Но эсэсовцы тоже были, конечно, не лопухи. Для них война шла уже как-никак шестой год, они тоже все знали и понимали. Ни одной секунды паники они не допустили. Когда первые упали под выстрелами Званцова, другие тотчас залегли, рассредоточились, быстро сообразили, что он тут один, и, подавляя его огнем своих автоматов, стали продвигаться вперед.

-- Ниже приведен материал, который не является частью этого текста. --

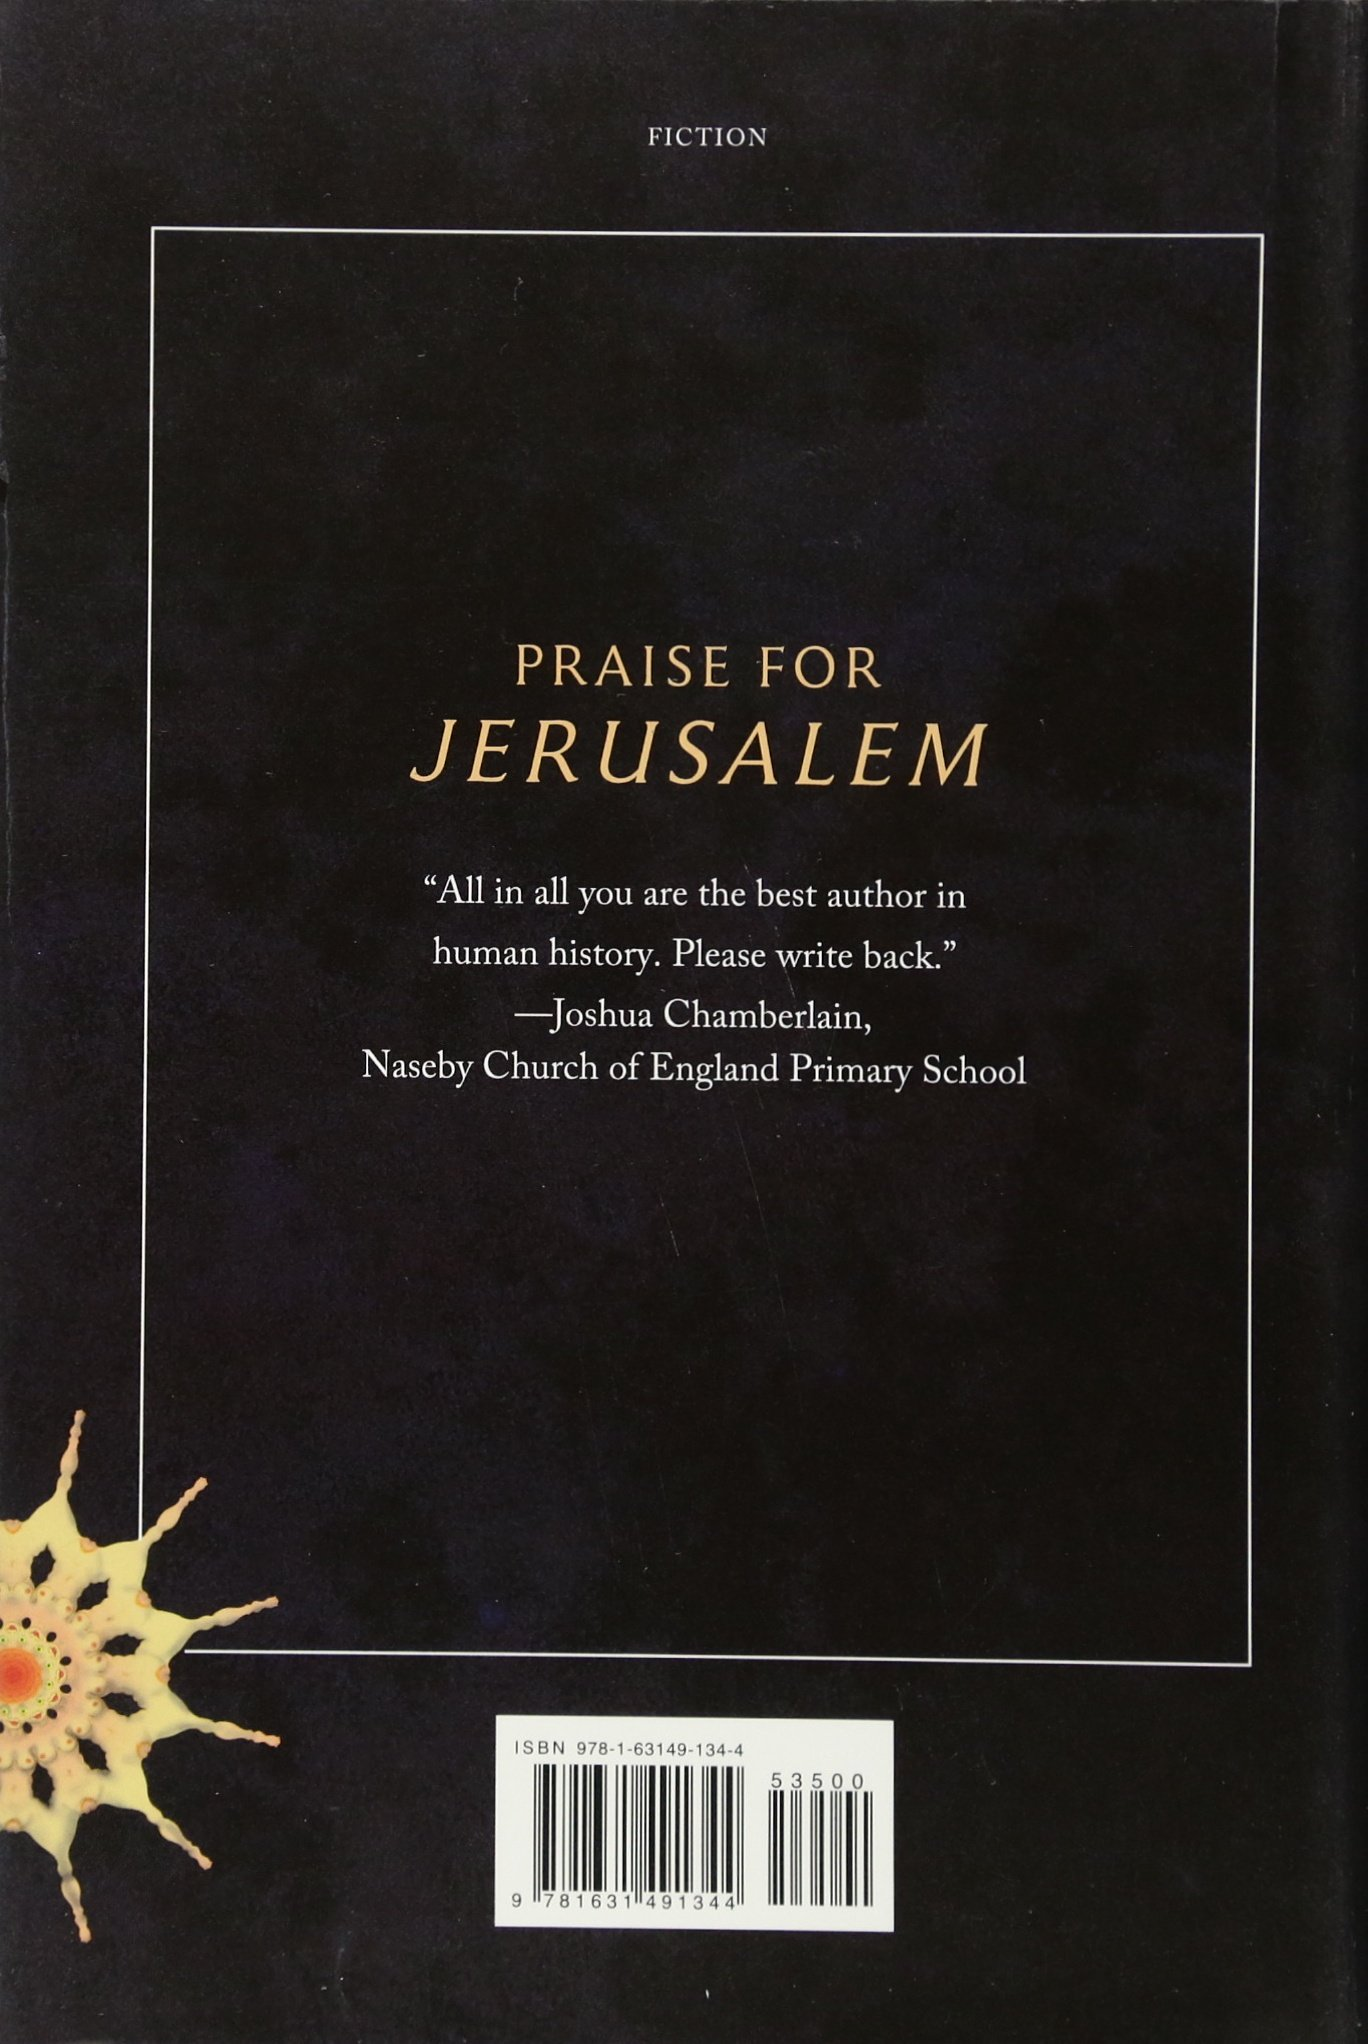 Jerusalem amazon alan moore 9781631491344 books fandeluxe Choice Image

Званцов стрелял в них и, когда его ранило первый раз, в ногу, сказал себе, что хорошо, что не в руку, например, но тут же подумал, что, пожалуй, это не имеет значения, потому что жить ему осталось уже не часы, а минуты, и пожалел чуть-чуть, что именно этой дорогой пошел отряд из «Ваффен СС» в черных рубашках, потому что и ему бы, конечно, лестно было вернуться в Ленинград и увидеть свою жену, штукатурщицу Нюту, и с ней и с сынишкой пойти весенним воскресным утром в Летний сад при всех орденах и постоять у прудика, где написано «Лебедей не кормить», и посмотреть, как солнечные блики играют на аллеях. Но он продолжал стрелять до тех пор, пока с гор не сошел партизанский чешский отряд и не ударил эсэсовцам во фланг, и они откатились и ушли, прогрызая себе путь на запад, чтобы сдаться в плен американским, а не советским войскам.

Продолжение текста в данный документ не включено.